Question

Show the value of x after each of the following statements is performed: a) x = fabs( 7.5 ) b) x = floor( 7.5 ) c) x = fabs( 0.0 ) d) x = ceil( 0.0 ) e) x = fabs( -6.4 ) f) x = ceil( -6.4 ) g) x = ceil( -fabs( -8 + floor( -5.5 ) ) )

Short answer

a) 7.5, b) 7, c) 0, d) 0, e) 6.4, f) -6, g) 14

Step-by-step solution

Using fabs

The function 'fabs' computes the absolute value of a floating-point number. For a), we have x = fabs(7.5), which makes x the absolute value of 7.5. Since 7.5 is positive, its absolute value is 7.5.

Using floor

The 'floor' function returns the largest integer less than or equal to a given number. For b), x = floor(7.5), which means x will be the nearest integer less than or equal to 7.5. So, x will be 7.

Absolute value of zero

The absolute value of 0 is 0, hence for c), x = fabs(0.0), x will be 0.

Using ceil on zero

The 'ceil' function returns the smallest integer greater than or equal to a given number. For d), x = ceil(0.0), x will be the smallest integer greater than or equal to 0, which is 0.

Absolute value of a negative

For e), x = fabs(-6.4), x is the absolute value of -6.4, which is 6.4.

Using ceil on a negative

For f), x = ceil(-6.4), x will be the smallest integer greater than -6.4, which is -6.

Combining functions

The expression in g) combines multiple functions. First, calculate the floor of -5.5, which is -6. Adding this to -8 gives us -14. The absolute value of -14 is 14. Finally, the ceiling of 14 is 14 itself. Therefore, x = ceil(-fabs(-8 + floor(-5.5))) results in x being 14.

Key concepts

Understanding the fabs Function in Floating-Point Arithmetic

Floating-point arithmetic is essential in programming for representing numbers with fractional parts. The C library function fabs() plays a fundamental role in this field. The fabs function computes the absolute value of a floating-point number. Absolute value refers to the distance of a number from zero on the number line without considering the direction. For example, when you apply fabs to both 5.2 and -5.2, the result is the same: 5.2.
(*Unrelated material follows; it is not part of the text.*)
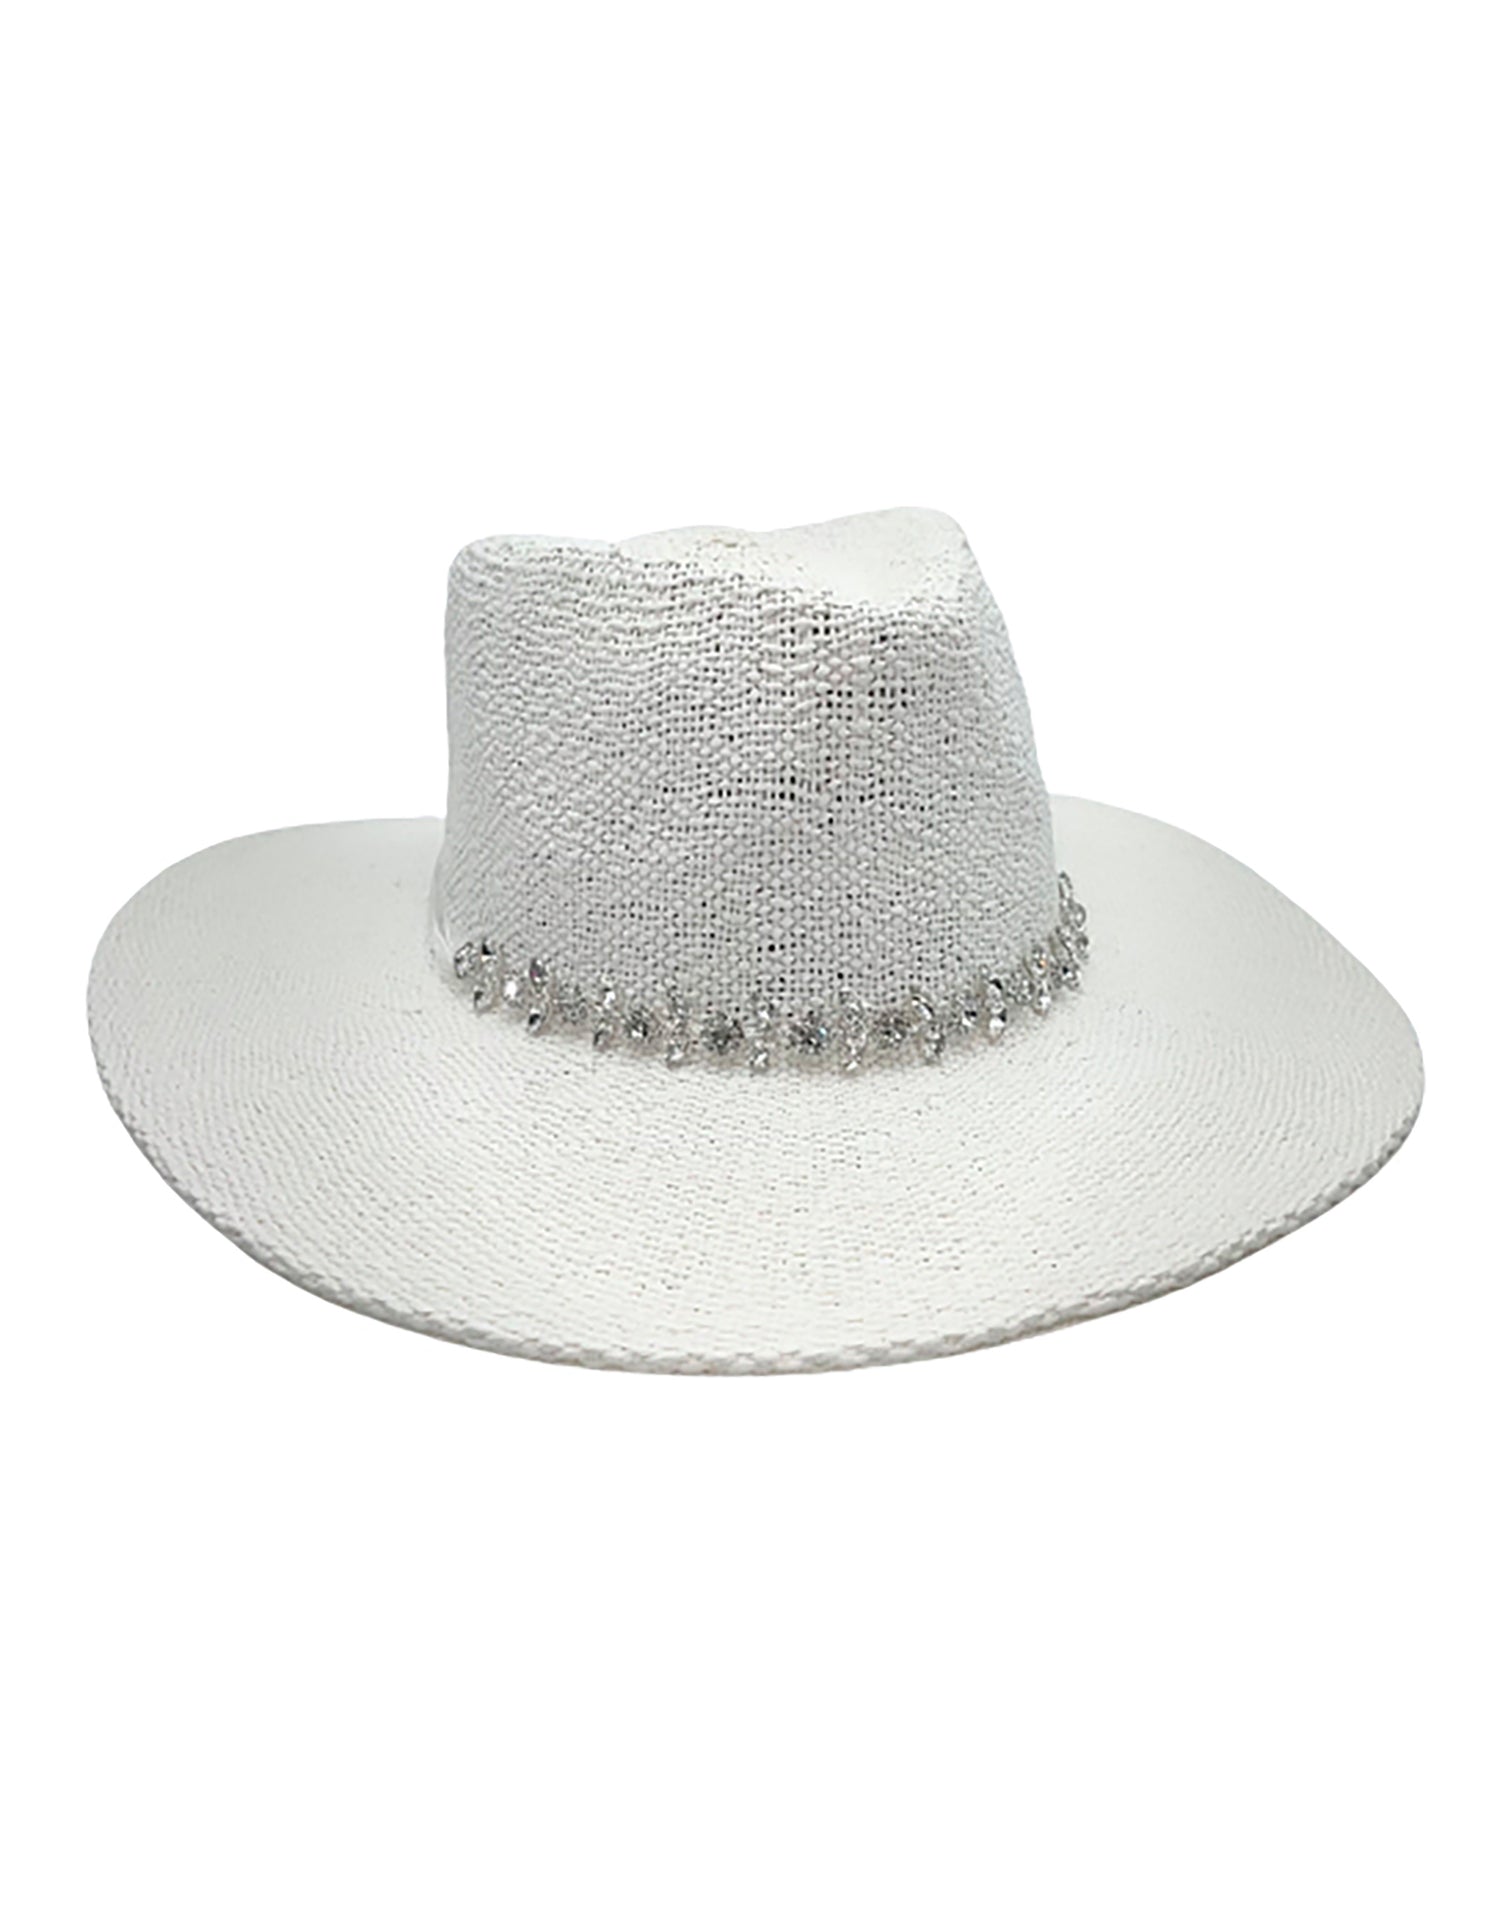 Mahina Hat by Nikki Beach in White - Angled View

This function becomes especially useful in situations where you need to ensure that a variable is non-negative regardless of its initial sign. Returning to our textbook exercise, the operation x = fabs(7.5) simply reaffirms that x is 7.5, as the function removes any negative sign from the number. If we deal with a negative value, such as x = fabs(-6.4), the negative sign is discarded by fabs, converting it to a positive 6.4. It's an indispensable tool in calculations that only make sense with positive numbers, like in measuring distances or dealing with absolute error.

Exploring the floor Function for Rounding Down

The floor function is another key player in floating-point arithmetic. The fundamental purpose of the floor function is to return the largest integer that is less than or equal to the specified floating-point number. It effectively 'rounds down' to the nearest integer.

Consider the scenario given in our exercise: x = floor(7.5). Here, the floor function takes the number 7.5 and rounds it down to the nearest whole number, resulting in an x value of 7. Furthermore, for negative numbers, it's crucial to understand that the floor function will move further away from zero. So, in a case like floor(-5.5), it will produce -6 as the result because -6 is the largest integer less than -5.5.

Applications of the floor Function

Applications of the floor function include setting ranges for array indexes, determining loop counters in iteration processes, or truncating numbers to integer values for discrete systems in programming.

The ceil Function: Rounding Up Integers

Complementing the floor function, we have the ceil function – short for 'ceiling'. The ceil function performs the opposite action: it rounds a floating-point number up to the nearest integer. In essence, it works by finding the smallest integer that is greater than or equal to the argument given.

For a positive input such as x = ceil(7.5), this would result in x becoming 8. For negative numbers, like in x = ceil(-6.4), the function rounds up towards zero, which gives x a value of -6. The ceil function proves valuable in scenarios where overestimation is safer or required, such as in allocating resources or adjusting functions to meet certain constraints.

Understanding Ceiling with Complex Expressions

In composite expressions that include the ceil function alongside others like fabs and floor, the order of operations is vital. As the last step, ceil ensures the final result adheres to its rounding-up rule. This layered functionality can be seen in the exercise's final part, x = ceil(-fabs(-8 + floor(-5.5))), showcasing how these mathematical functions interact in programming to produce precise and predictable outcomes.